JV with Japanese Firm: FLT recently entered a JV with a Tokyo-based firm, NSF Engagement Corporation, to grow within the Asian corporate travel sector. FLT will launch its FCM travel management business in Japan with this JV and expand its FCM network in 97 countries via licensing agreements and company-owned businesses.

TTV and Net Income Trend from FY17-FY21; (Analysis by Kalkine Group)

Key Risks: The company faces the impact of COVID-19 lockdowns and restrictions on air travel impacting top-line and TTV. Stringent government regulations also pose a threat to company’s survival and growth. 

Outlook:

  • FLT expects market conditions to improve, especially in the US, the UK, Canada, and expects these markets to benefit from the new corporate account wins. The company expects international travel to restore partially in late 1HFY22 as the Government restrictions relax and the airlines restore services.
  • The company will enter the corporate business in Japan in January 2022 through its Japanese JV.
  • The Jetmax online travel agency (OTA) brands- BYOJet & Aunt Betty will enter the US market in October 2021 via their new contracts with Google Flights.
  • FLT expects that more than 20% of its global leisure sales will come from online channels in FY24 versus ~7% in FY19. As the e-commerce channel continued to drive sales in FY21, FLT plans to enhance its online offerings.
  • FLT targets a return to profitability monthly in leisure and corporate sectors in FY22.

Valuation Methodology: EV/Sales Multiple Based Relative Valuation (Illustrative)

Source: Analysis by Kalkine Group

*% Premium/(Discount) is based on our assessment of the company’s NTM trading multiple after considering its key growth drivers, economic moat, stock's historical trading multiples versus peer average/median, and investment risks.

Stock Recommendation: The stock of FLT gave a positive return of 32.84% in the past three months and a positive return of 46.05%% in the past year. The stock is currently trading towards the 52-weeks’ high level of $20.160. The stock has been valued using an Enterprise Value to Sales based illustrative relative valuation method and have arrived at a target price with a high single-digit correction (in % terms). The company might trade at some discount than its peers’ average, considering its decline in financial performance in FY21 vs FY20 and the continued impact of COVID-19 restrictions. For the purpose of valuation, few peers like Helloworld Travel Limited (ASX: HLO), Corporate Travel Management Limited (ASX: CTD), Experience Co Limited (ASX: EXP), have been considered.
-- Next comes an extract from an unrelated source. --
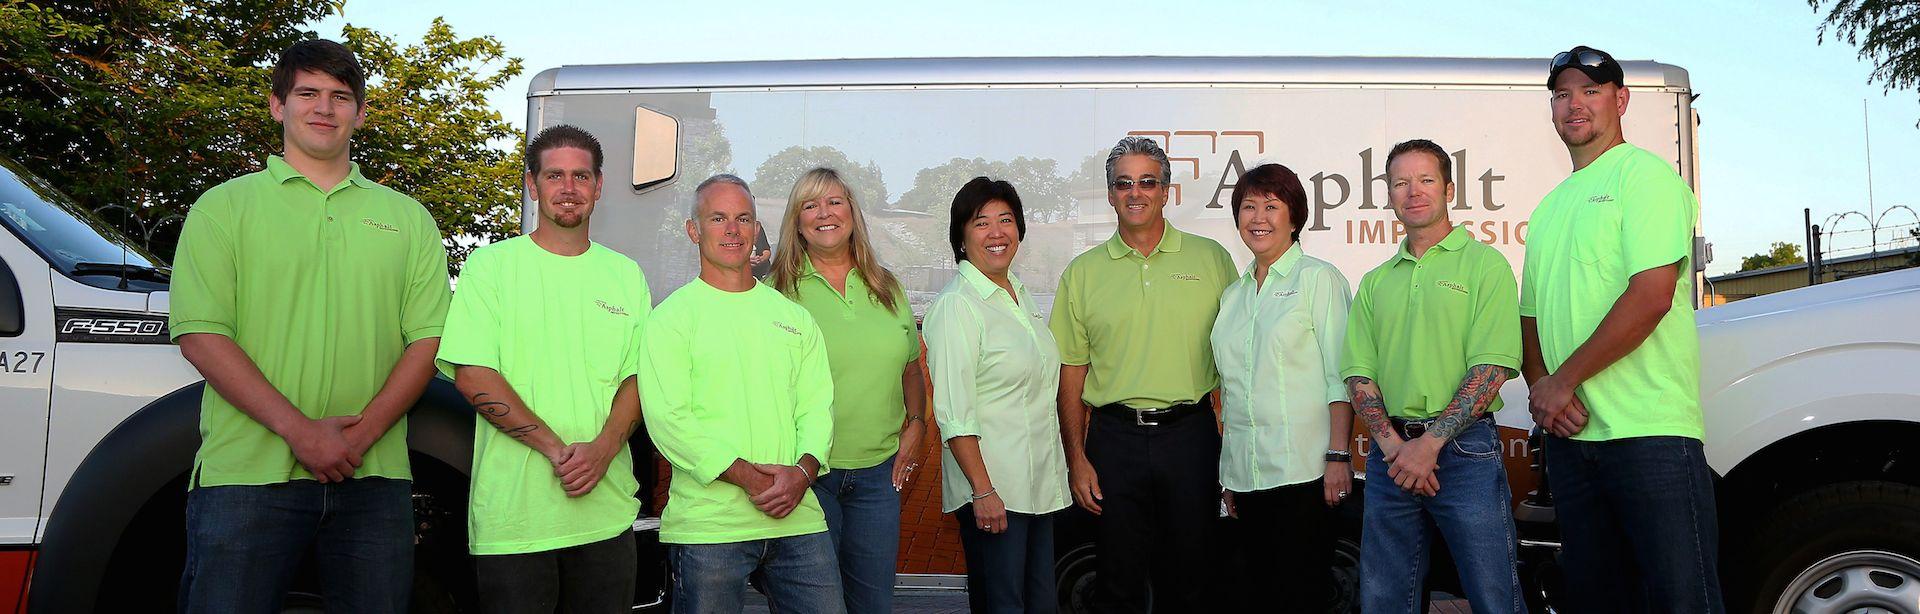 Asphalt Impressions Team

Considering the high trading levels, decent returns in the past three months and the past year, valuation, and volatile market condition, we suggest investors to book profit and give a ‘Sell’ rating on the stock at the current market price of $19.98, up by ~5.213%, as on 23 September 2021.

FLT Daily Technical Chart, Data Source: REFINITIV 

Note: The purple color line in the chart shows RSI (14-period)

Note 1: The reference data in this report has been partly sourced from REFINITIV.

Note 2: Investment decision should be made depending on the investors’ appetite on upside potential, risks, holding duration, and any previous holdings. Investors can consider exiting from the stock if the Target Price mentioned as per the Valuation has been achieved and subject to the factors discussed above.

Technical Indicators Defined: -

Support: A level where-in the stock prices tend to find support if they are falling, and downtrend may take a pause backed by demand or buying interest.

Resistance: A level where-in the stock prices tend to find resistance when they are rising, and uptrend may take a pause due to profit booking or selling interest.

Stop-loss: It is a level to protect further losses in case of unfavourable movement in the stock prices.